We assembled the genome of S. arboricolus using the Newbler algorithm (v2.3, Roche) for de novo assembly of reads generated by the 454 pryosequencing platform. Combinations of read datasets, reads added in assembly iterations, and assembler parameters were explored before selecting the optimal combination according to assembly metrics (number of scaffold sequences and contigs, the average and longest contig length and N50 value). All reads were trimmed against a dataset of adapter and vector sequences in the initial step of the assembly process.

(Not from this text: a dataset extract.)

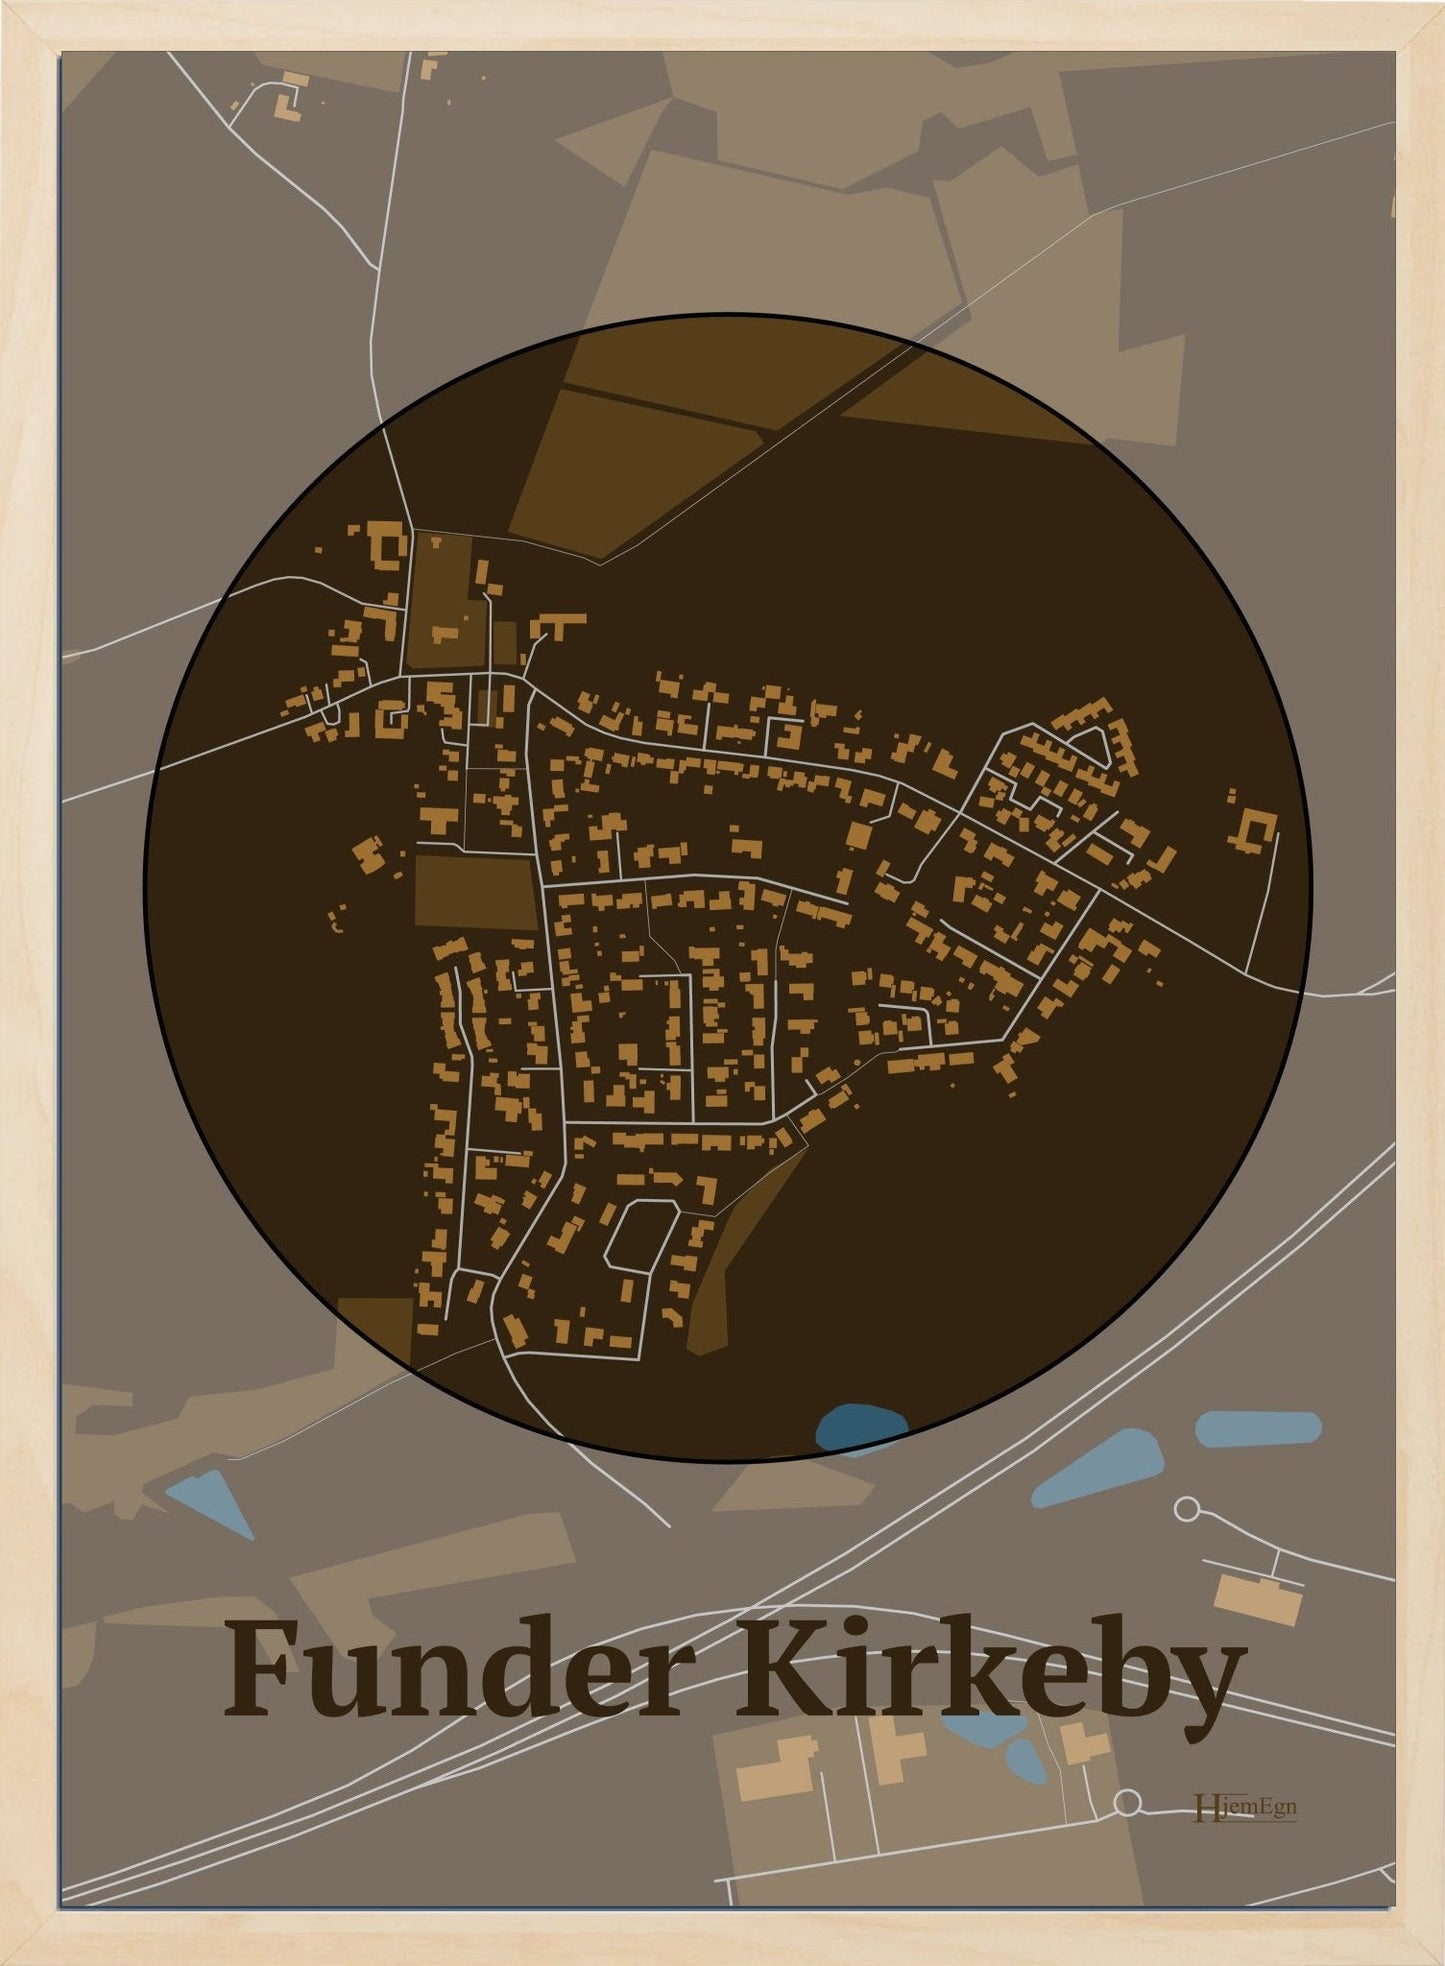 Funder Kirkeby plakat i farve mørk brun og HjemEgn.dk design centrum. Design bykort for Funder Kirkeby

The selected assembly parameters used an expected coverage value of 40X with all other settings remaining at default values. Two assembler iterations were employed; the first iteration included all 734,353 single fragment reads and one set of 583,674 paired-end reads. The second iteration incorporated an additional set of 518,434 paired-end reads. A third set of paired-end reads was excluded from the assembly due to decreased performance with their inclusion.

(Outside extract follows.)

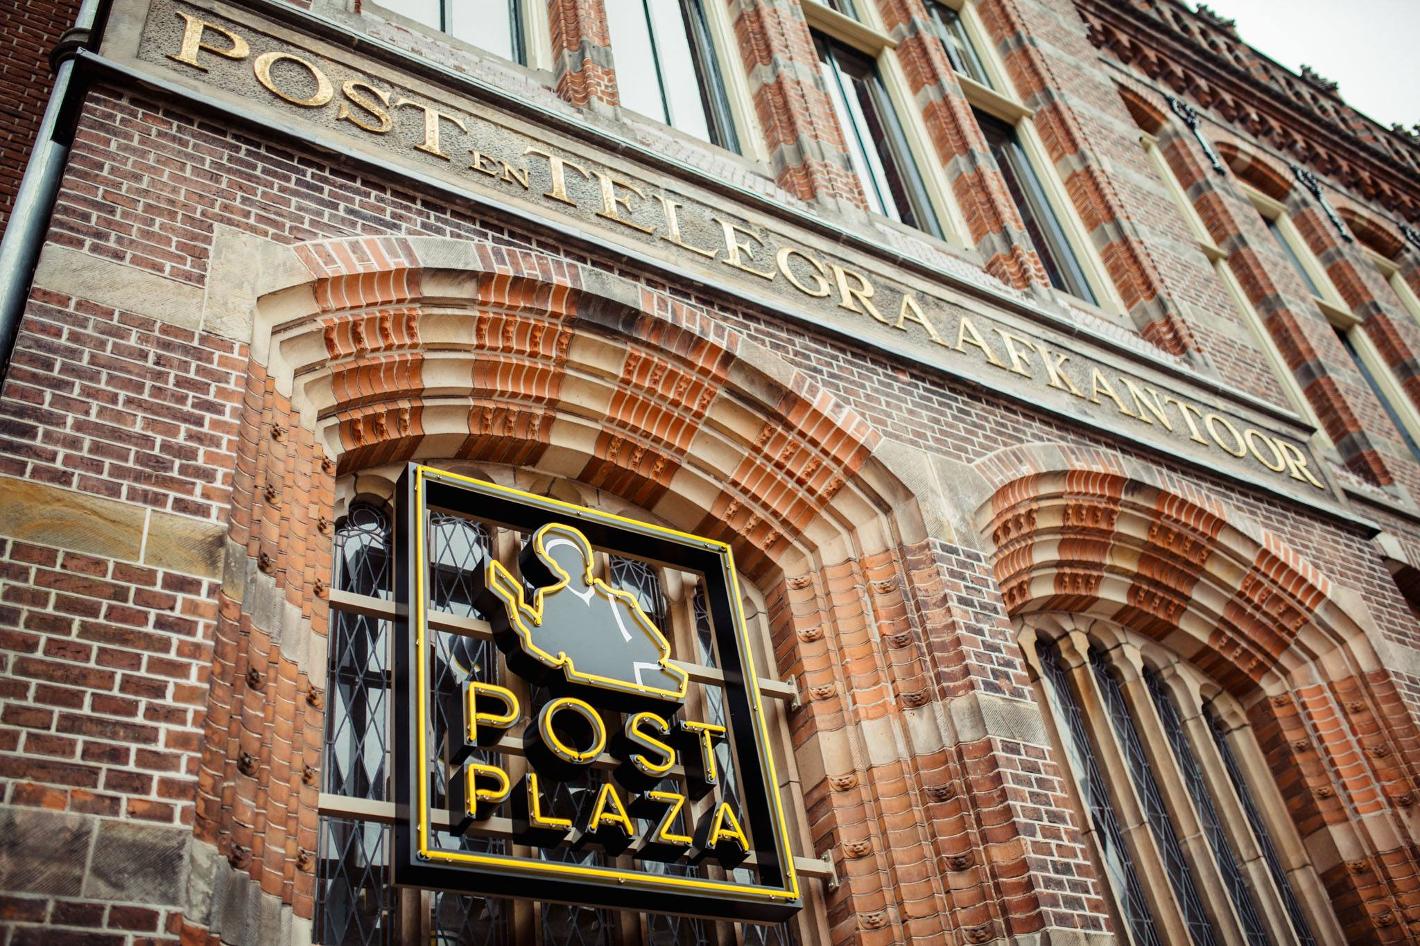 Foto Post-Plaza Hotel & Grand Café in Leeuwarden, Schlafen, Hotels & unterkünfte - #1

The resulting genome assembly comprised of 32 scaffold sequences with a total length of 11,465,281 bp. The scaffolds were comprised of 266 contigs (≥500 bp) with an average length of 43,102 bp (538,482 bp max.) and an N50 value of 136,945 bp. The mapped read coverage of the assembly was 49X.
Pyrosequencing error correction
In order to resolve small errors in the assembly arising from pyrosequencing artifacts, such as homopolymer sequence regions[43, 44], we acquired deep sequence coverage (~100X) from short reads. We generated a total of 31,316,59 short (50 bp) reads from a SOLiD 4 single fragment library. Subsequent gapped read alignment and variant calling was achieved using Bioscope 1.3.1 (Life Technologies).
An iterative correction process was devised in which errors in the assembled sequence were identified from the SOLiD read alignment data as either a single nucleotide polymorphisms (SNP) for single base errors, or as small InDels (insertion/deletion) for homopolymer pyrosequencing errors. Each iteration of the assembly correction process involved the initial mapping of SOLiD reads against the 454 assembly, followed by SNP calling. Selected putative SNPs were then integrated into the assembly sequence and SOLiD reads were remapped to allow InDels to be called and integrated. This process was repeated until no additional variants were detected. In subsequent iterations additional reads were mapped allowing the identification and correction of a small number of further errors. Both SNPs and InDels were calculated from alignment data using Bioscope 'high stringency' variant parameter settings. Additionally, integrated variants were required to represent a minimum of 60% of the alignment data.
Gene annotation and orthology assignments
S. cerevisiae was used as the reference proteome for the program exonerate, which uses comparative approaches for gene finding based on protein sequence similarity. An initial pass with the protein2dna model and a refine boundary of 2000 was used to find the best orthologous candidate of each S. cerevisiae gene. For intronic genes, the max intron size was limited to 1500 bp and the model used was protein2genome.
To annotate genes within the S. arboricolus genome, we first identified gene orthologs with conserved synteny. To do so, we analysed the top hit by exonerate for each S. cerevisiae gene. When three neighbouring genes within S. cerevisiae all identified three neighbouring genes within S. arboricolus, we assigned the S. arboricolus gene in the middle (flanked by its two neighbours) as a syntenic ortholog. This initial step discovered most of the syntenic genes within S. arboricolus. Other genes within S. cerevisiae that had not been assigned an ortholog were further analysed with the hypothesis that these may have exonerate hits within the expected positions but were not the most similar sequence within S. arboricolus. We looked at the top 10 exonerate hits of the remaining S. cerevisiae genes for matches in S. arboricolus between the initially assigned syntenic ortholog. When only one hit was found between these syntenic orthologs, we used this hit as a newly discovered syntenic ortholog. This process was repeated until no more syntenic orthologs could be found. Finally, we assigned the top exonerate hit of few remaining S. cerevisiae genes that were still not assigned a syntenic ortholog as the non-syntenic ortholog provided that they did not overlap with another gene prediction.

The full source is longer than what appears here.